# BirDog Question



## HIgh Order (Jul 12, 2021)

Hi!
Long time lurker.

I need the pinout for the BirDog Ultra meter's battery, the one with two plugs. I've searched, looked around and asked, no one seems to have an answer. 

Anybody here know?

Thanks in advance


----------



## P Smith (Jul 25, 2002)

Can you post pictures ? Is it have colored wires coming out ?


----------



## HIgh Order (Jul 12, 2021)

of the box side? (I don't have a battery.)

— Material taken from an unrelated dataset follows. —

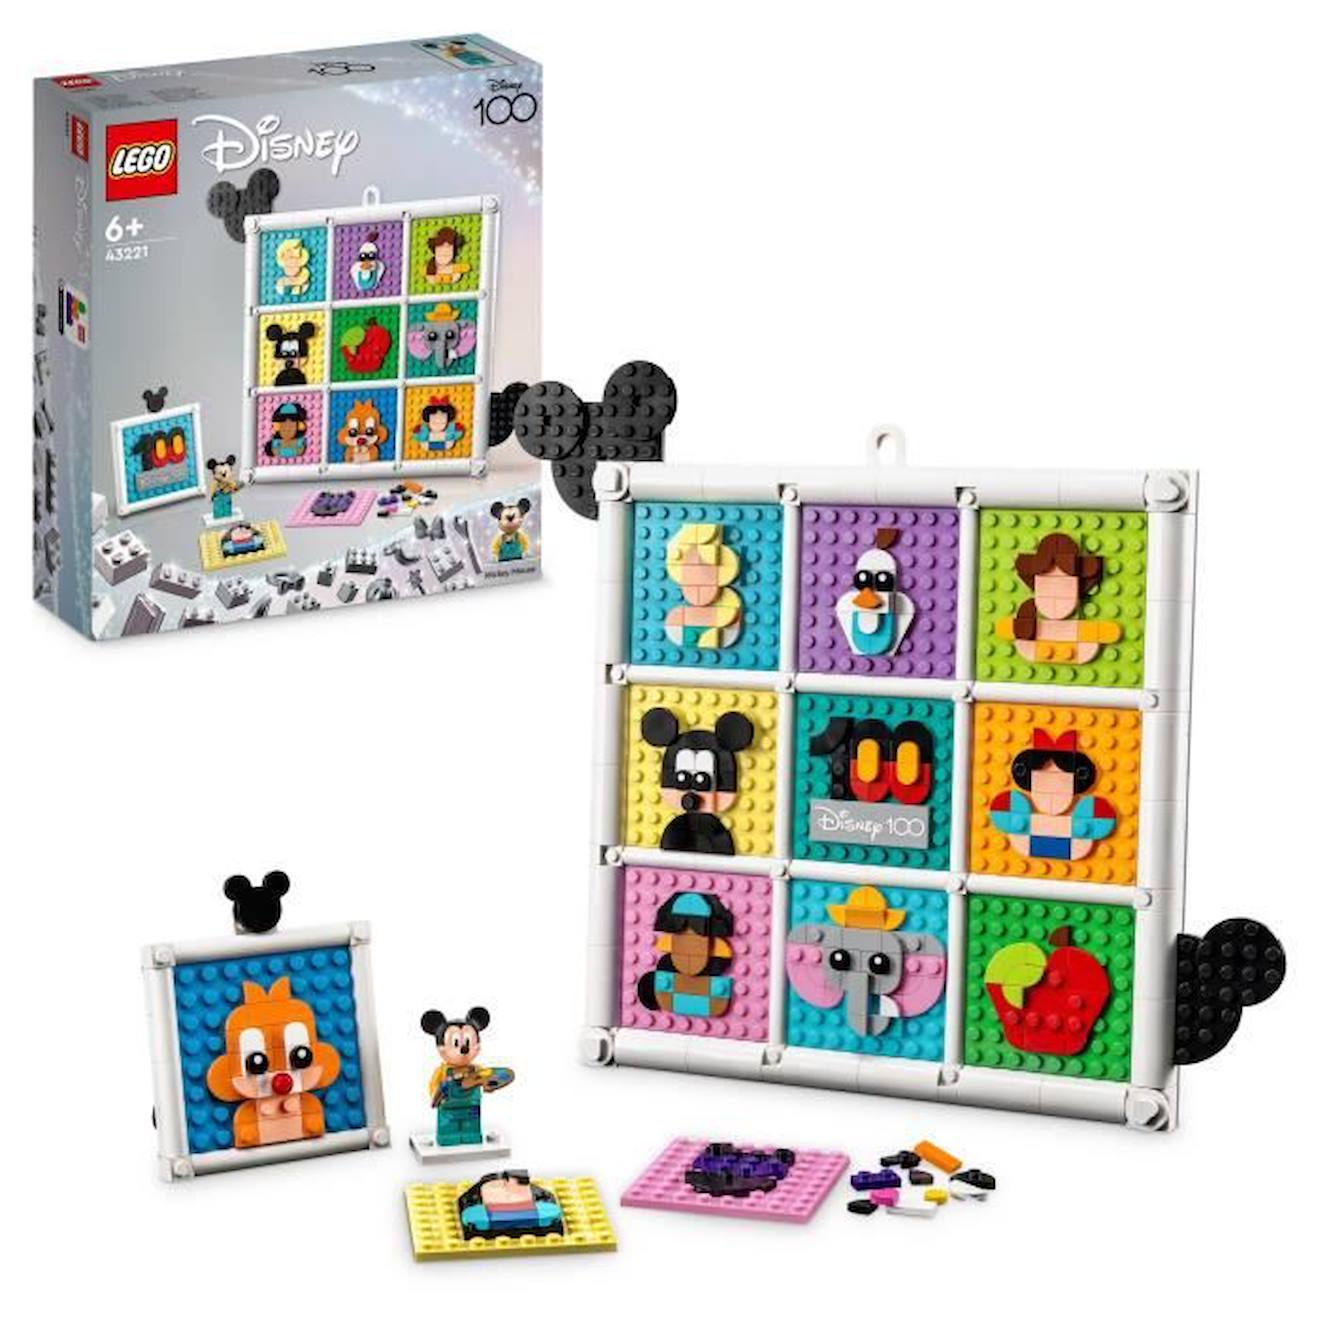 Lego® Disney 43221 100 Ans D'icônes Disney, Création D'art Mural Avec Mickey Mouse Pour Enfants Bleu

These plug into what appear to be a charging board. A wall wart also plugs into this board.


----------



## P Smith (Jul 25, 2002)

Well, perhaps, if you could dismantle old non-working battery ...
https://manualzz.com/doc/13056584/replacement-birdog-ultra-battery-replace-your-older-birdo...
What the pinout will give you ?


----------



## HIgh Order (Jul 12, 2021)

Thanks! I saw that ad, too. No real response from any of the contact information though.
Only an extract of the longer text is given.